児童達は録音図書を読みました。そのうちの44名はAMISを使い、8名はEasyReaderを使いました。

このプロジェクトには52名の児童が参加し、そのうちの34名が男子で18名が女子でした。録音図書を試してみたのは8歳~16歳までの児童達で、基礎学校の1学年から9学年に通うか、または特別学校に通っていました。児童達の年齢は以下のような内訳です。

マルチメディアDAISYを試してみた児童たちの年齢による内訳のグラフ

表1:この表はマルチメディアDAISYを試してみた児童たちの年齢による内訳を示しています。
7歳=1人
8歳=8人
9歳=3人
10歳=12人
11歳=13人
12歳=2人
13歳=3人
14歳=6人
15歳=4人
*男子=34人 女子=18人

集められた52枚のアンケートの返答のうち、36名の児童が基礎学校に、16名が特別学校に通っています。そのうち3人の児童が自閉症です。12~15歳の年長の児童達は全員特別学校に通っています。基礎学校に通う児童達は学年で言えば1年生~5年生であり、年齢は7歳~11歳です。

28名の基礎学校の児童達のほとんどは読み書き困難/ディスレクシアです。基礎学校に通うその他の児童は注意力欠如障害/神経心理学的機能不全(6名)、自閉症(1名)、言語障害(4名)、読書能力発達遅滞(2名)。特別学校に通う16名の児童は発達障害で、そのうち3名の児童は自閉症でした。児童数の総計が合っていないのは、何人かの児童に複数の障害があるためです。

児童の様々な読書困難を示すグラフ

表2:この表は児童の様々な読書困難を示しています。
児童の様々な読書障害
読み書き困難/ディスレクシア=28人
発達障害=16人(この内3人は自閉症との重複障害)
多動症/神経心理学的機能不全=6人
自閉症=1人
言語障害=4人
読書能力発達の遅れ=1人

児童の録音図書による読書に対する慣れ具合

録音図書で何年も読書をしてきた児童は1人もいません。以前の調査では視覚障害の児童達がインタビューに申し込んでくれました。彼らは録音図書を何年も読んでいる、または聴いているグループでした。この研究において2005年に発表された調査では、特別学校の児童達は録音図書を読むことに関しては初心者でした。今回の調査では以前から録音図書を定期的に読んでいた児童は特別学校には4人、基礎学校には2人いました。

児童の録音図書による読書に対する慣れ具合を示すグラフ

表3:この表はほとんどの児童(28名)はかつて一度も録音図書を読んだことがなく、18名の児童が何度か録音図書を読んでおり、6名の児童が定期的に読んでいたこと、録音図書を読んだことがある児童は、ほとんど特別学校に通っていたことを示しています。

録音図書による読書に慣れている児童の人数(文章のない録音図書)
大変慣れている(何年も録音図書で読書をしている)=0人
慣れている(定期的に録音図書で読書をしている)=6人
慣れていない(録音図書で何冊か読書をしたことがある)=18人
録音図書で読書をしたことがない=28人

児童のコンピューターに対する慣れ具合

児童のほとんどは録音図書に対してあまり慣れてはいませんでした。
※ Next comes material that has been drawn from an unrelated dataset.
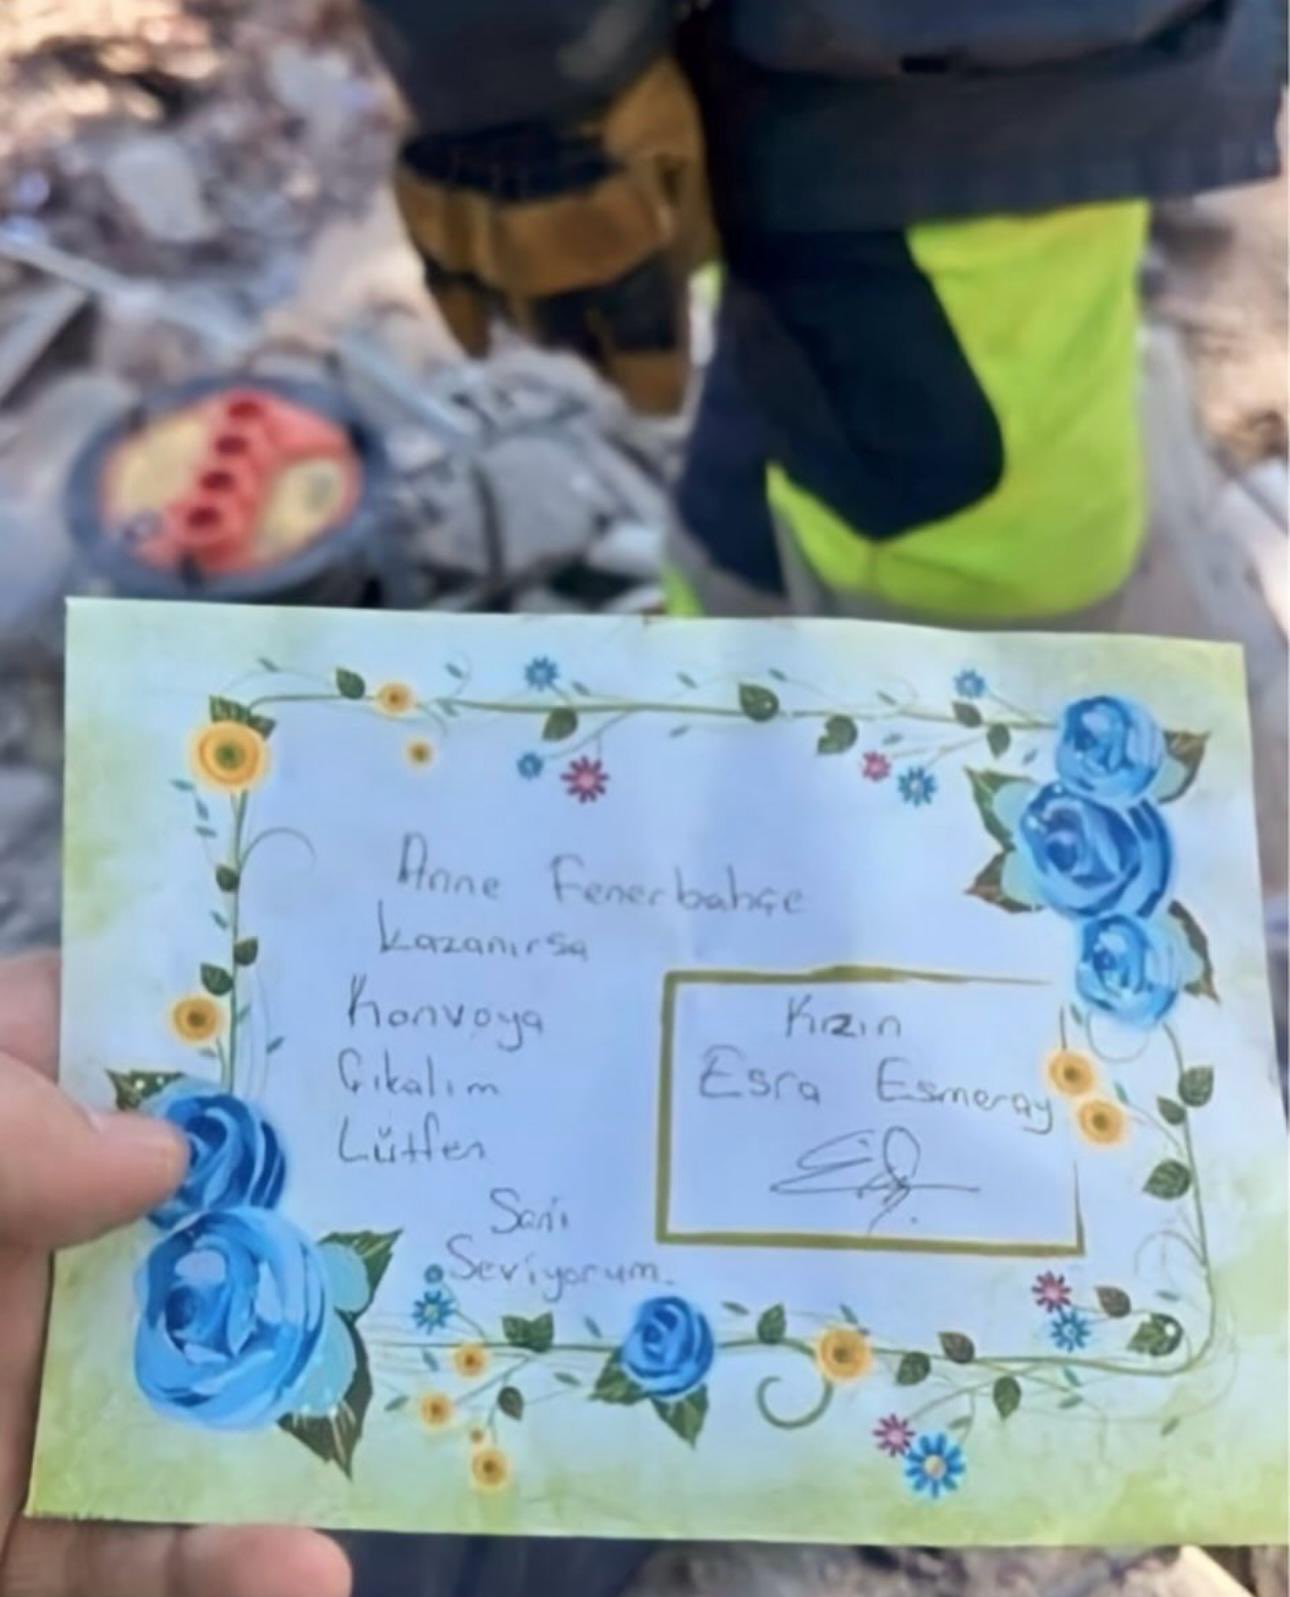 Depremde Enkazda Bulunan Küçük Kız Esra'nın Acı Dolu Öyküsü! Fenerbahçe Sahip Çıktı!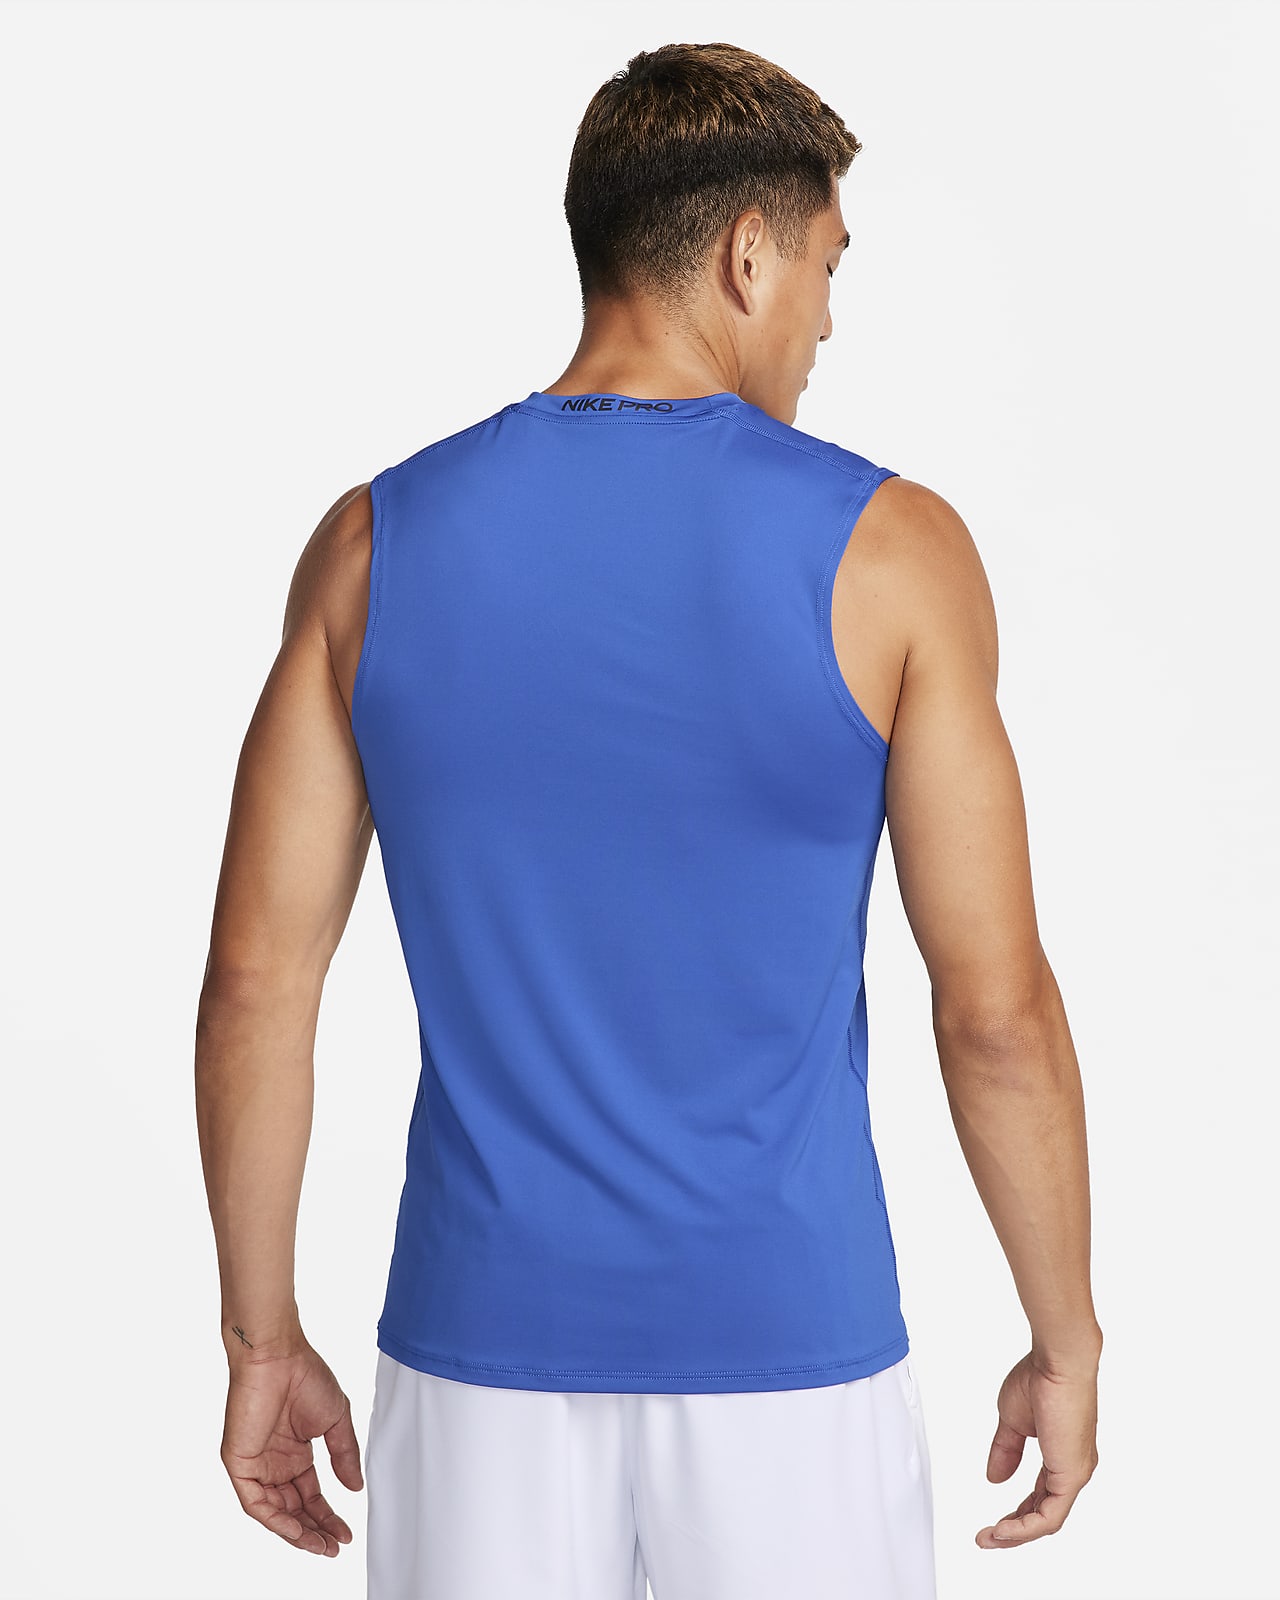 Nike Pro Dri-FIT Men's Tight-Fit Sleeveless Top. Nike PH

ところがほとんどの児童がコンピューターには慣れていました。11名の児童がコンピューターには大変慣れており、コンピューターにあまり慣れていないと見受けられたのは2名のみでした。残りの39名の生徒達はコンピューターに慣れていました。

児童のコンピューターに対する慣れ具合を示すグラフ

表4:この表はほとんどの児童達がコンピューターに慣れていることを示しています。
PCに慣れている児童の人数
大変慣れている=11人
慣れている=39人
慣れていない=2人
全く慣れていない=0人

教師達の録音図書とコンピューターに対する慣れ具合

あの52枚のアンケートに返答を記入したのは14人の教師達です。その作業を行ったのはほとんどが、特別学校の教員と特殊教育専門家でした。教師達のうちの4人は録音図書を用いることにかなり慣れており、録音図書を何年も授業で使っていると答えました。その他4人の教師が授業で時に応じて使っていると答えました。教師達のうち3人が何度か使う機会があったのみだと答え、またその他の3人は授業においてはまったく使ったことがないと答えました。
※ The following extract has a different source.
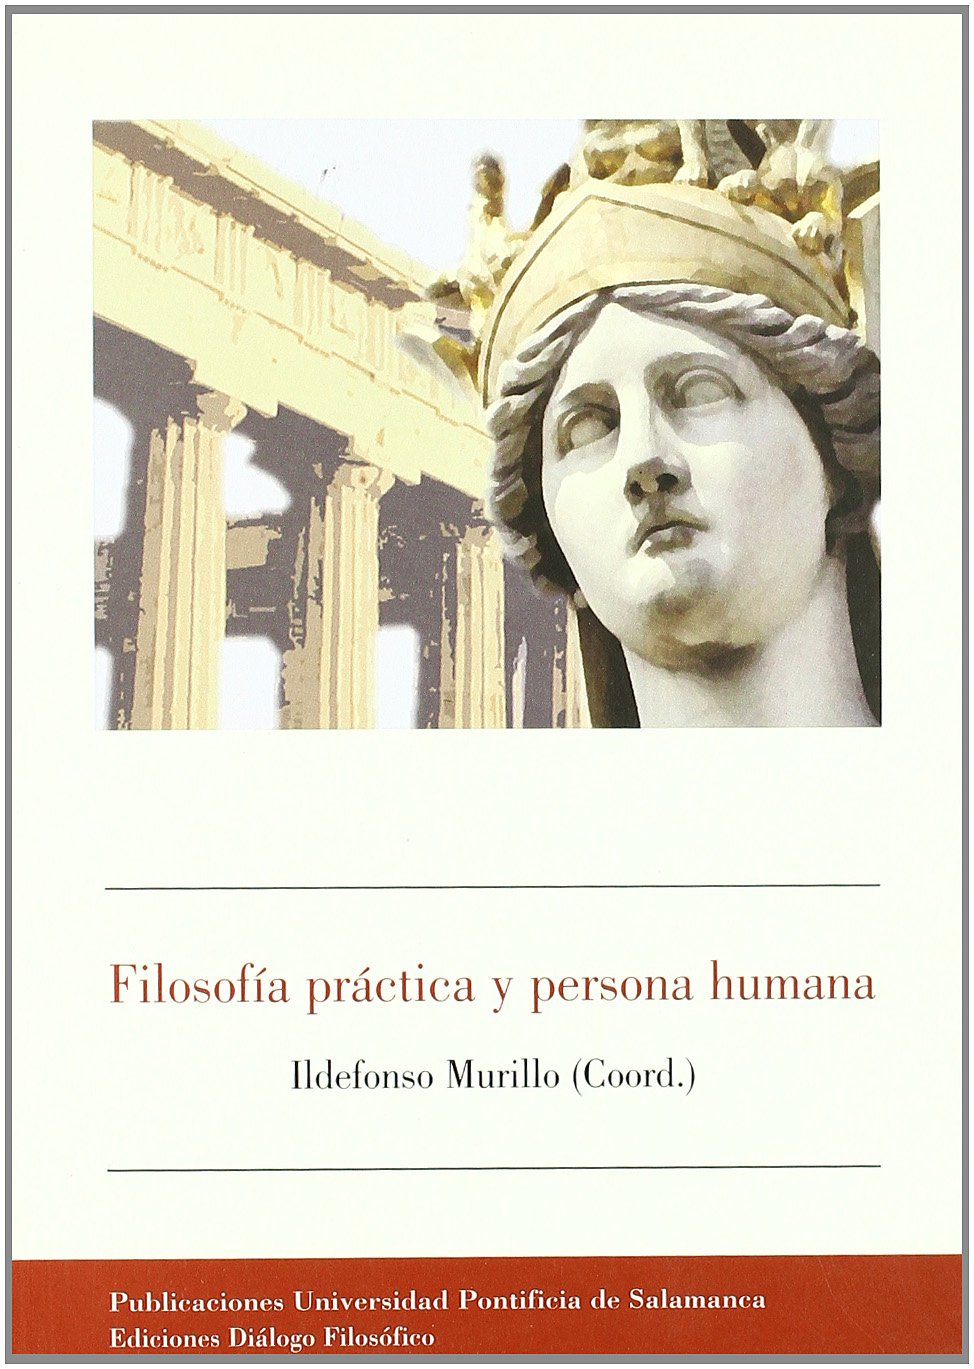 Imagen de portada del libro Filosofía práctica y persona humana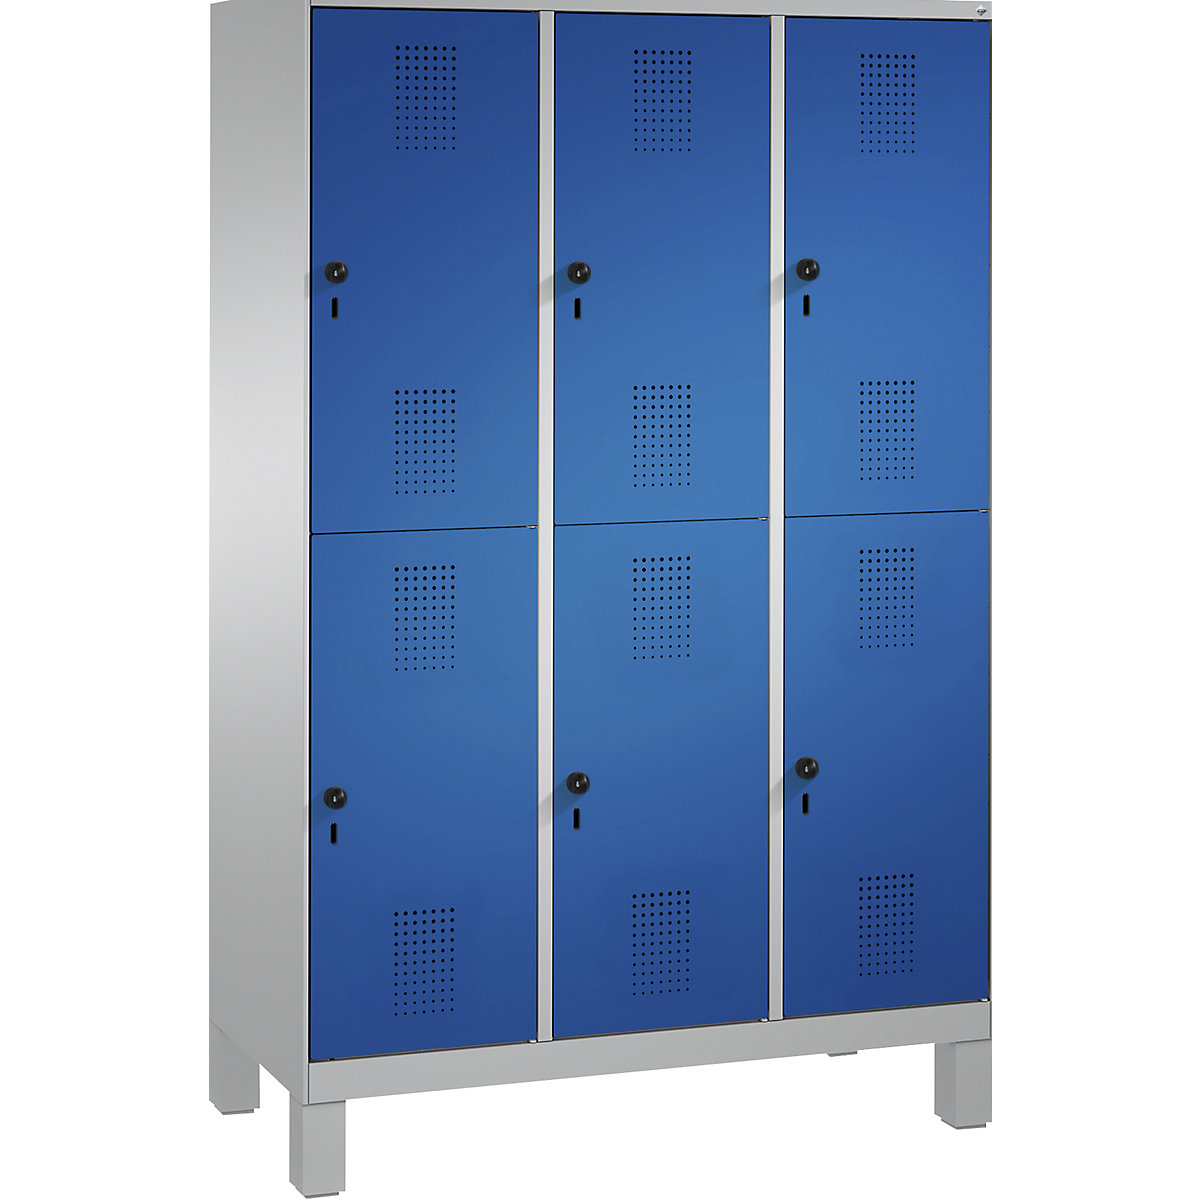 Penderie sur pieds EVOLO à deux étages – C+P, 3 compartiments, 2 casiers chacun, largeur compartiments 400 mm, aluminium / bleu gentiane-2

ほとんどの教師達はコンピューターには慣れている、または相当慣れていると判断されました。コンピューターに慣れていないと見受けられた教師は2名のみでした。

図書の内容

教師達に対しては、図書の難易度に関する質問が与えられ、生徒達に対しては図書の内容についてどう思うかという質問が与えられました。これらの質問はお互いに似たようなものであり、返答はお互いに発表されました。答えはお互いによく一致していました。

教師達は自分で図書を聴いてみて、どの図書が各児童に適しているか選択することができました。教師達が図書のタイトルを選んだため、ほとんどの児童(52名中43名)がちょうどいい難易度の図書を受け取ったと教師達が考えていることがわかります。

これは『怒りとは』という図書がちょうど良い難易度であったことを示す一例です。

  • 児童達はある部分では文章を読んで自分自身を重ね合わせ、またある部分ではその内容について考えていました。

教師達は4人の児童は、受け取った図書が簡単すぎたと考えていました。簡単すぎたと判断された図書は『リネアが犬を見つけました』で、読んだのは特別学校の児童達です。それでも彼らの教師は、文章を聴いて理解する訓練の入り口として、敢えてこの図書を選択しました。

  • 発達障害と自閉症の児童にとっては、挿絵と文章の間の明らかな関係性が必要なのです。彼はより複雑な文章内容を読んだり聴いたりできるように、文章を聴いて理解する能力を訓練する必要があります。

図書がちょうど良い難易度だと判断した教師達は、選んだ図書が読書訓練にとても適していると述べました。

『怒りとは』と『ベルマンは一枚のFAXを受け取った』の2冊は、5名の児童には難易度が高すぎました。そのうちの3人は自閉症と診断されています。これらの児童は内容を視覚的に理解しており、怒りを感じる状況に自分を置いてみることが難しかったようです。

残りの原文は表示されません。